価格は6,600円(税抜)と高価な部類ですが、この手の高級文房具の中では低価格寄りとなっています。
実用性MAXの工夫と批評
こちらについては、文量が多くなりすぎたため、別記事にしています。使用感の項目に関連する内容が多くあるため、下記のリンクから読んでいただいた方がより分かりやすくなると思います。
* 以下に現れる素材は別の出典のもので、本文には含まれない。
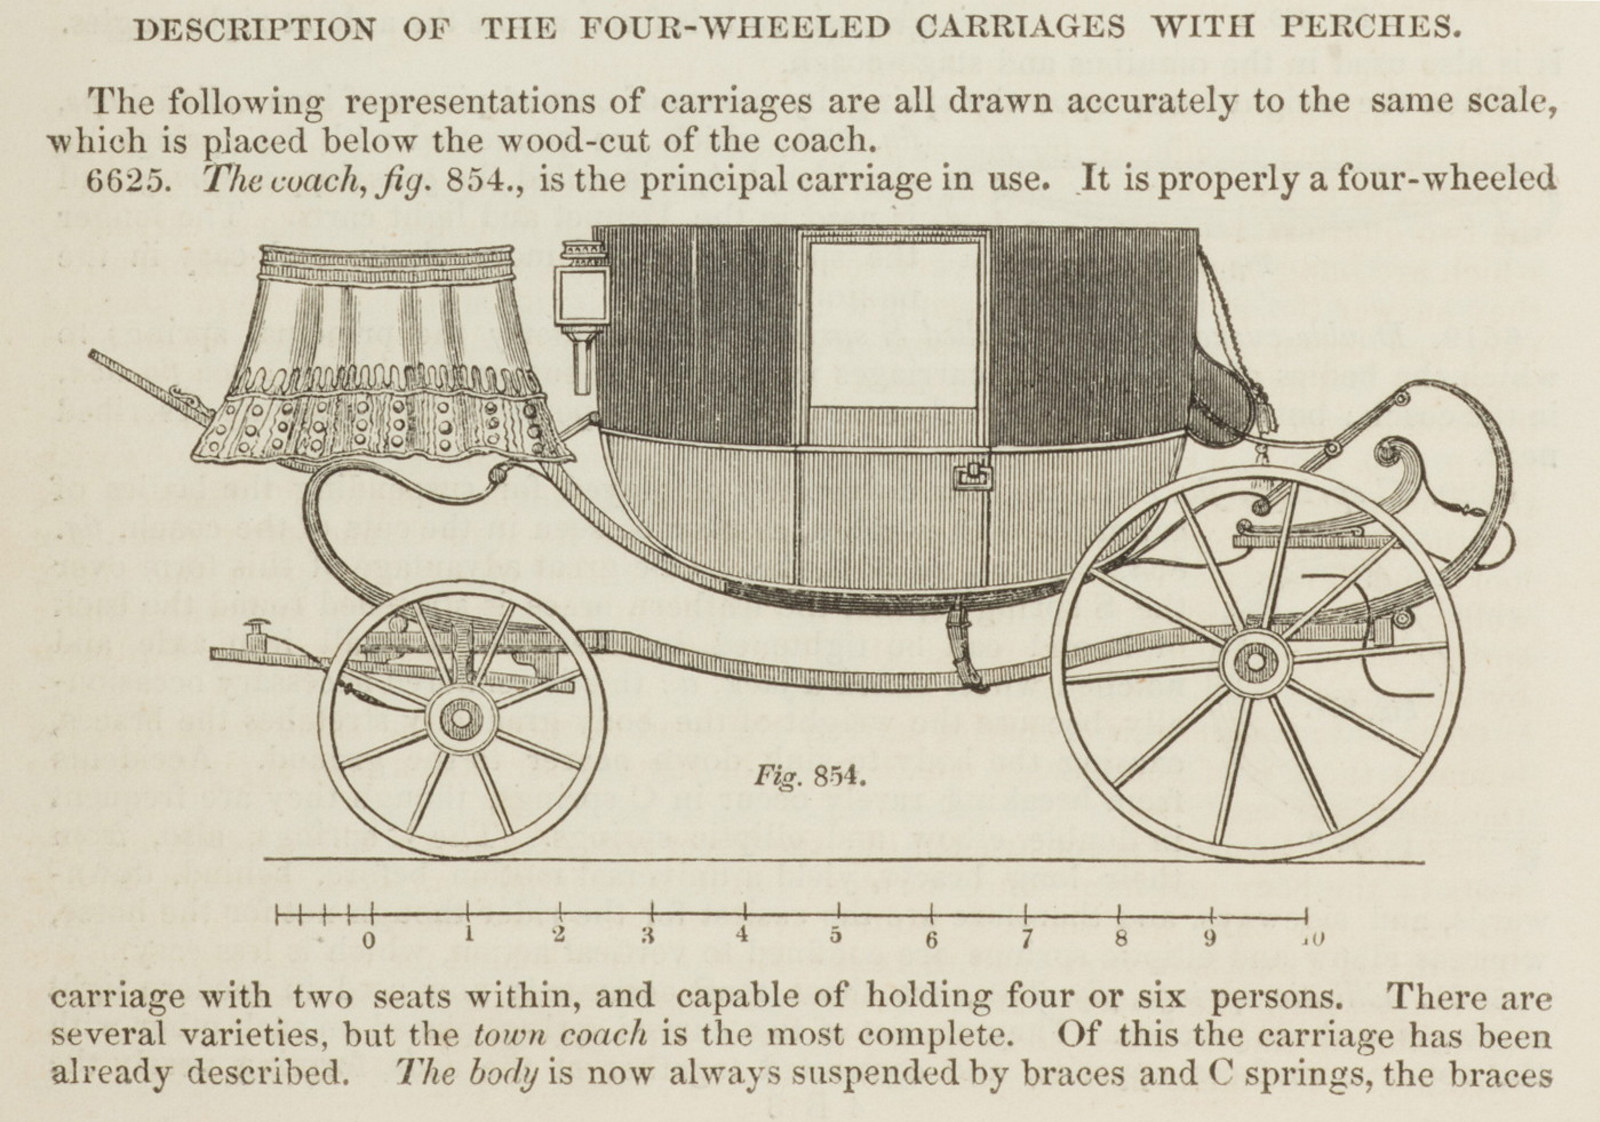 Page 1100 from Thomas Webster: An encyclopaedia of domestic economy, 1847
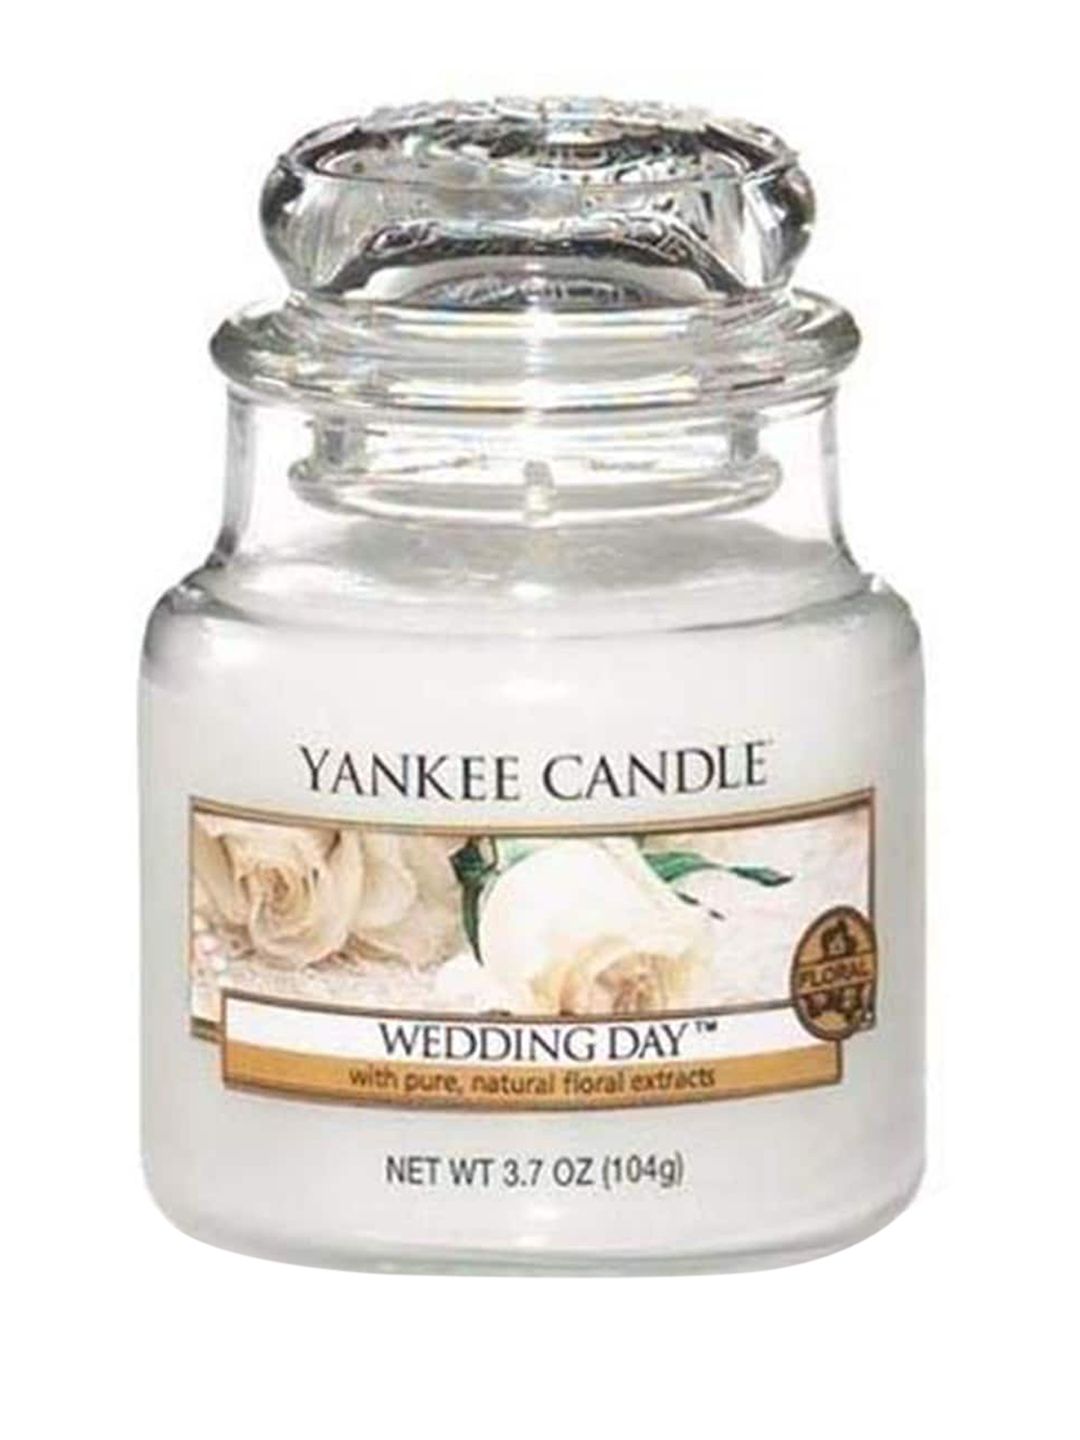 YANKEE CANDLE White Classic Weeding Day Rose Scented Small Jar Candle Price in India

GRAVIUMのレビューと批評のリンク:https://bungukaiseki.com/実用性maxシャープペン「gravium」のレビューと批評/
使用感
長さ | 140mm | グリップ径 | 11.3mm |
クリップまでの長さ | 96mm(着脱可能) | 最大径 | 同上 |
重量 | クリップ有:37g クリップ無:36g | 先端の長さ | 3mm |
重心位置 | クリップ有:69mm クリップ無:66mm | 回転のさせやすさ | × |
長さ・重量・重心のバランス
書きやすさ:2/5点 書き味:6/5点

あくまで、「37g」という重量級ペンの中では取り回しや軽快さに優れるというだけで、この錘がなくても24gと重たい部類であることから、慣性モーメントの値自体はそこら辺のペンよりも圧倒的に大きいことが明白で、手放しに書きやすいとは言えません。
重心的にも69mmとそこそこ高く、ノック部分の素材も重たいものであることから、その辺のバランスも悪く、大々的に「軽快に書ける」と言われていたほどのものは感じません。
この辺は別記事の方でもう少し詳しく記述していますので、気になる方はそちらをご覧ください。
さて、一方で書き味の観点からは37gという重さは素晴らしい数値といえます。このクラスは重たいことで有名な「野原工芸」のシャープペンの約30gを凌ぎ、コツコツ感を感じるには十分過ぎるほどの重さでしょう。
握りやすさ・質感
書きやすさ:5/5点 書き味:5/5点
素材自体はアルミですが、グリップ、というか軸全体が「ネオラバサン」と呼ばれる塗装が施されていて、柔らかく、かつ滑りにくい触感となっています。
書きやすさ的にはグリップ性能に優れ、書き味的には金属感もしっかり感じられるためこの項目ではどちらも満点と言えるでしょう。
クリップまでの長さ・形状
書きやすさ:5/5点
位置的に手に当たることはほとんどなく、当たったとしても形状的に痛くなることはないため、ストレスなく書くことができます。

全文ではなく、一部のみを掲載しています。